Quebec Pension Plan | Quebec abandons the increase in the minimum age of eligibility

(Quebec) The Legault government is abandoning the idea of ​​raising the minimum age of eligibility for the Quebec Pension Plan (QPP) from 60 to 62 years old.


During an intervention in the House on Thursday, the Minister of Finance, Eric Girard, affirmed that this proposal “did not achieve consensus” during the consultations in the parliamentary committee.

“The Quebec Pension Plan belongs to all Quebecers” and “we do not intend to impose choices that people do not want. We will continue the analysis. We will make our decisions known to the budget,” he said.

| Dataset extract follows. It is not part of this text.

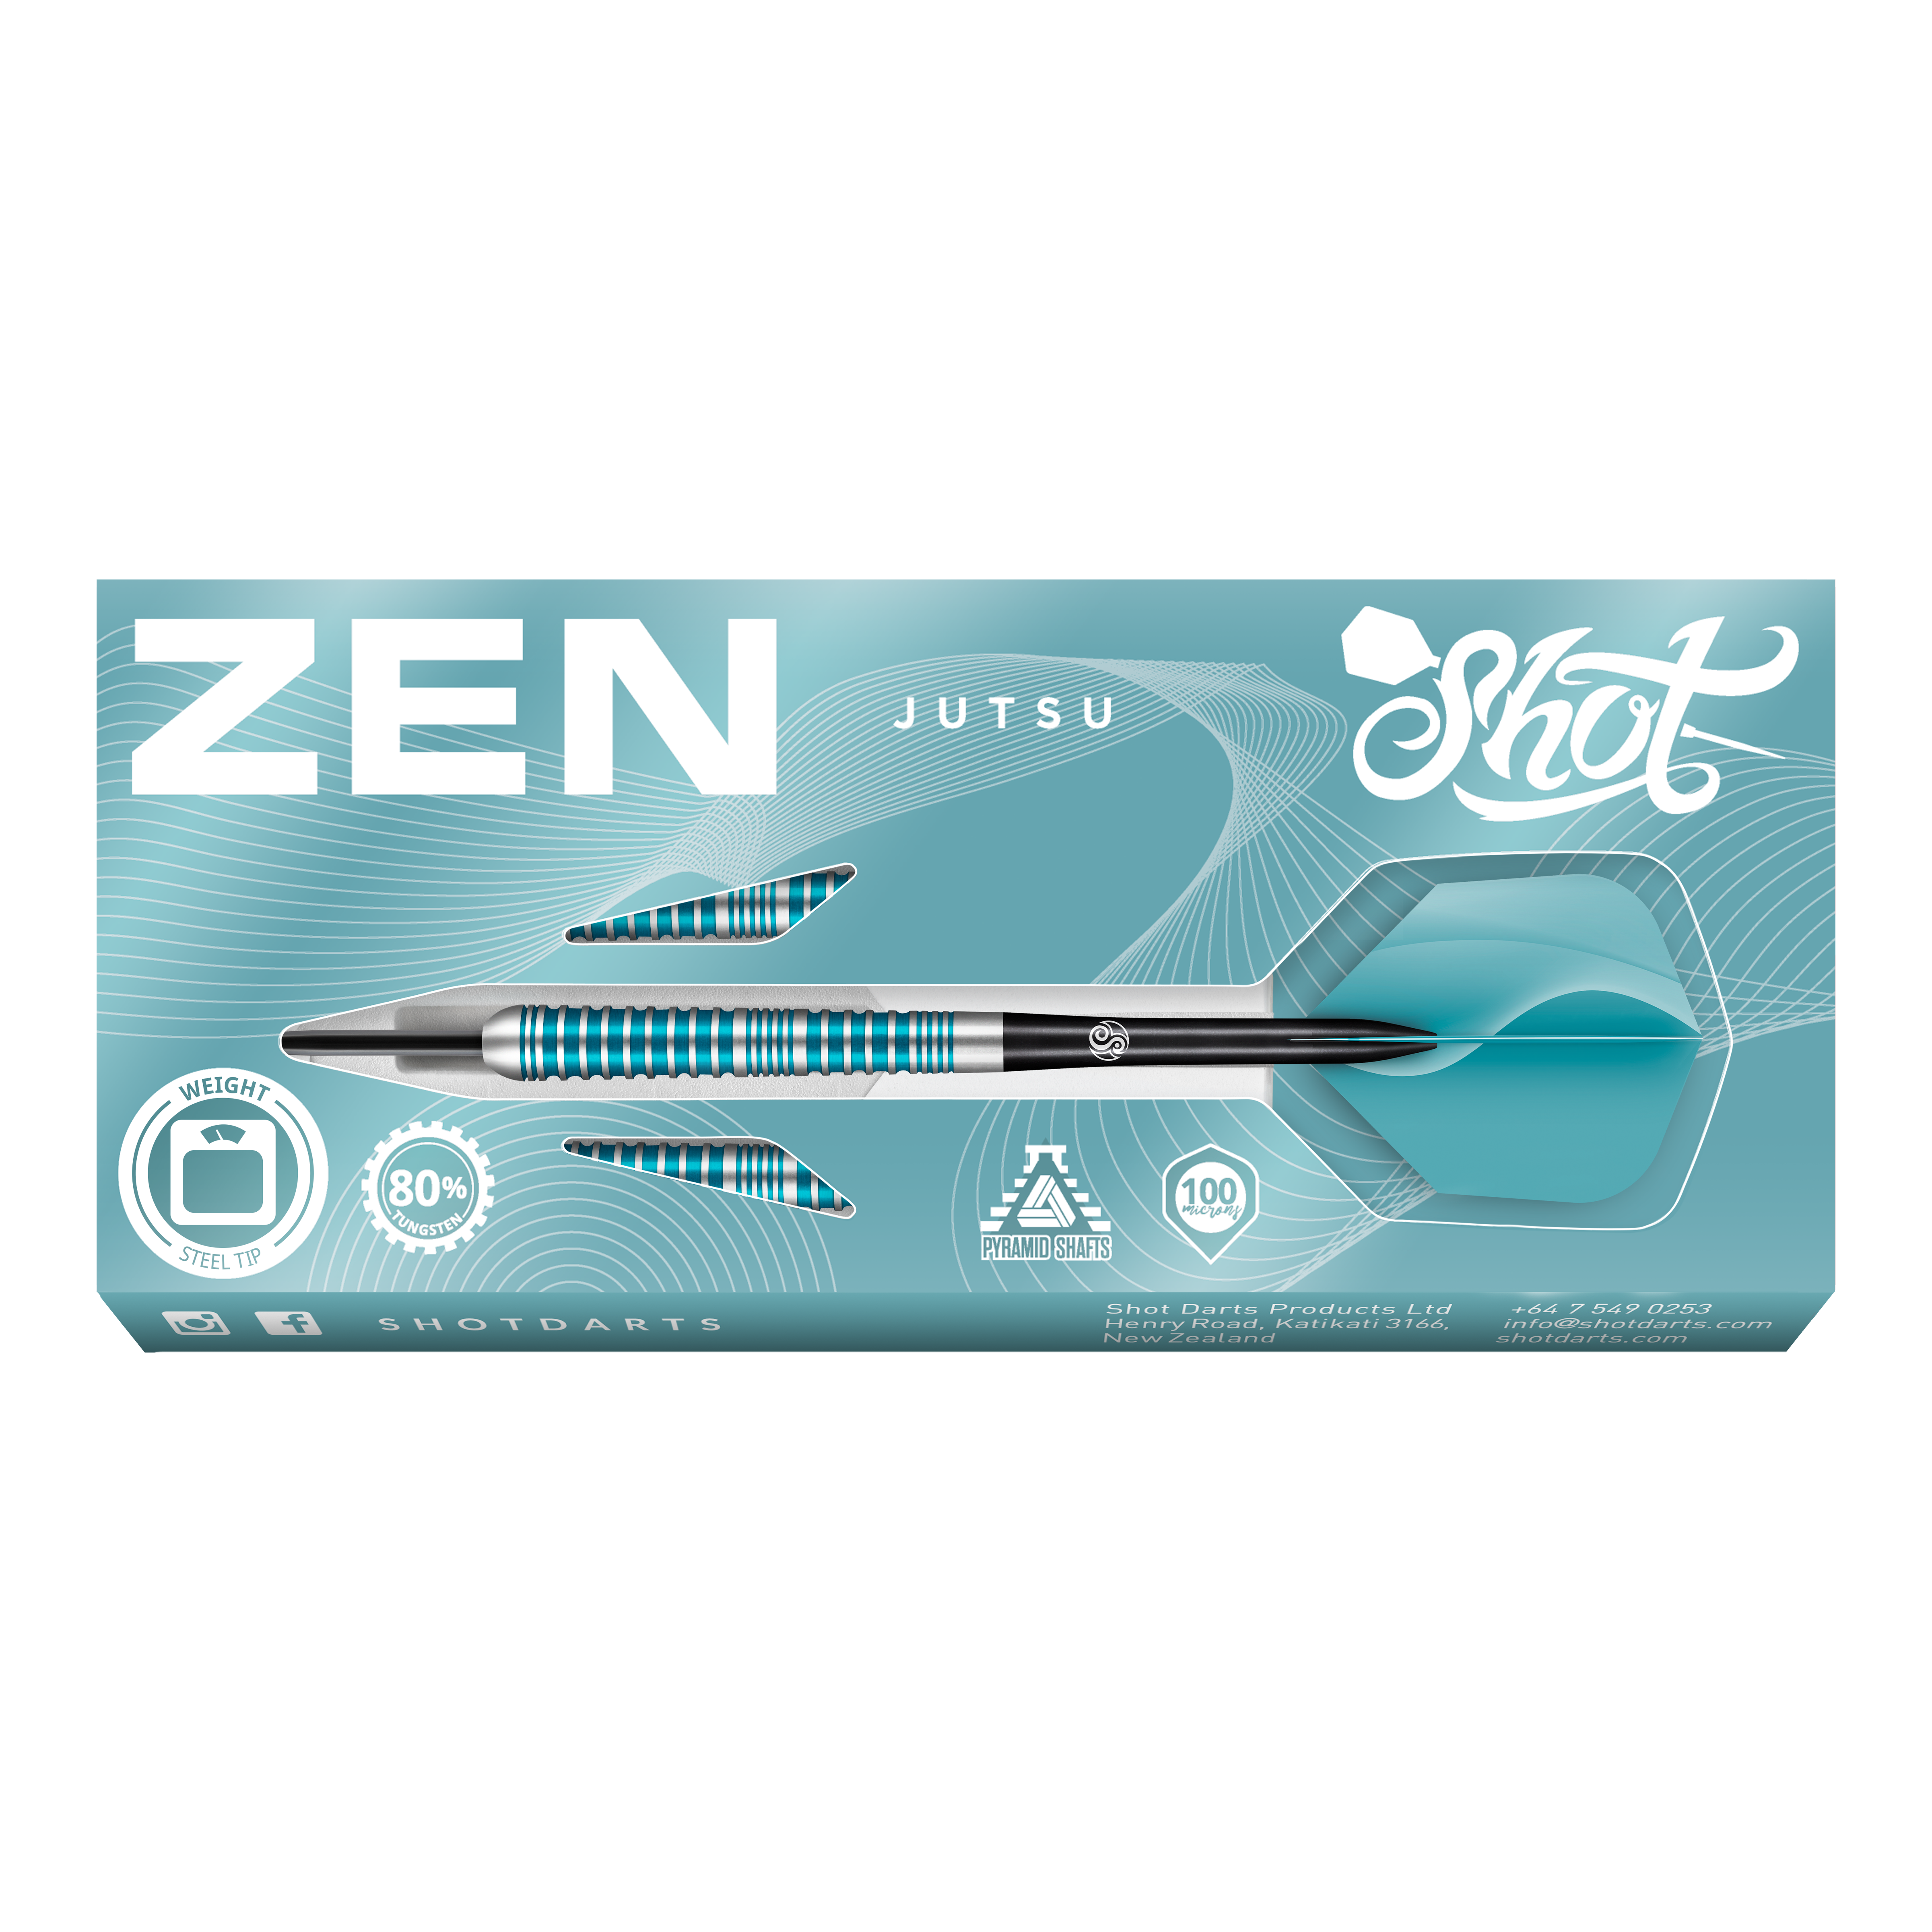 Shot ZEN Jutsu 2.0 soft darts - 20g

However, when the minister specified the measures that the government was going to adopt at the end of the consultations, he identified two of them. The first is to make contributions to the QPP after age 65 optional, an election promise of the Coalition avenir Québec (CAQ). The second aims to modify the rules for calculating the retirement pension “in order to prevent the earnings from work of a person who applies for his pension after age 65 from reducing the average earnings used to calculate his pension” – a “excellent measure”, said the Minister. He did not mention the age of eligibility for the QPP.

During a press scrum, Eric Girard confirmed that the government was simply going to put forward the measures on which there was consensus. “We don’t have the leeway to do everything that has been proposed,” he pleaded.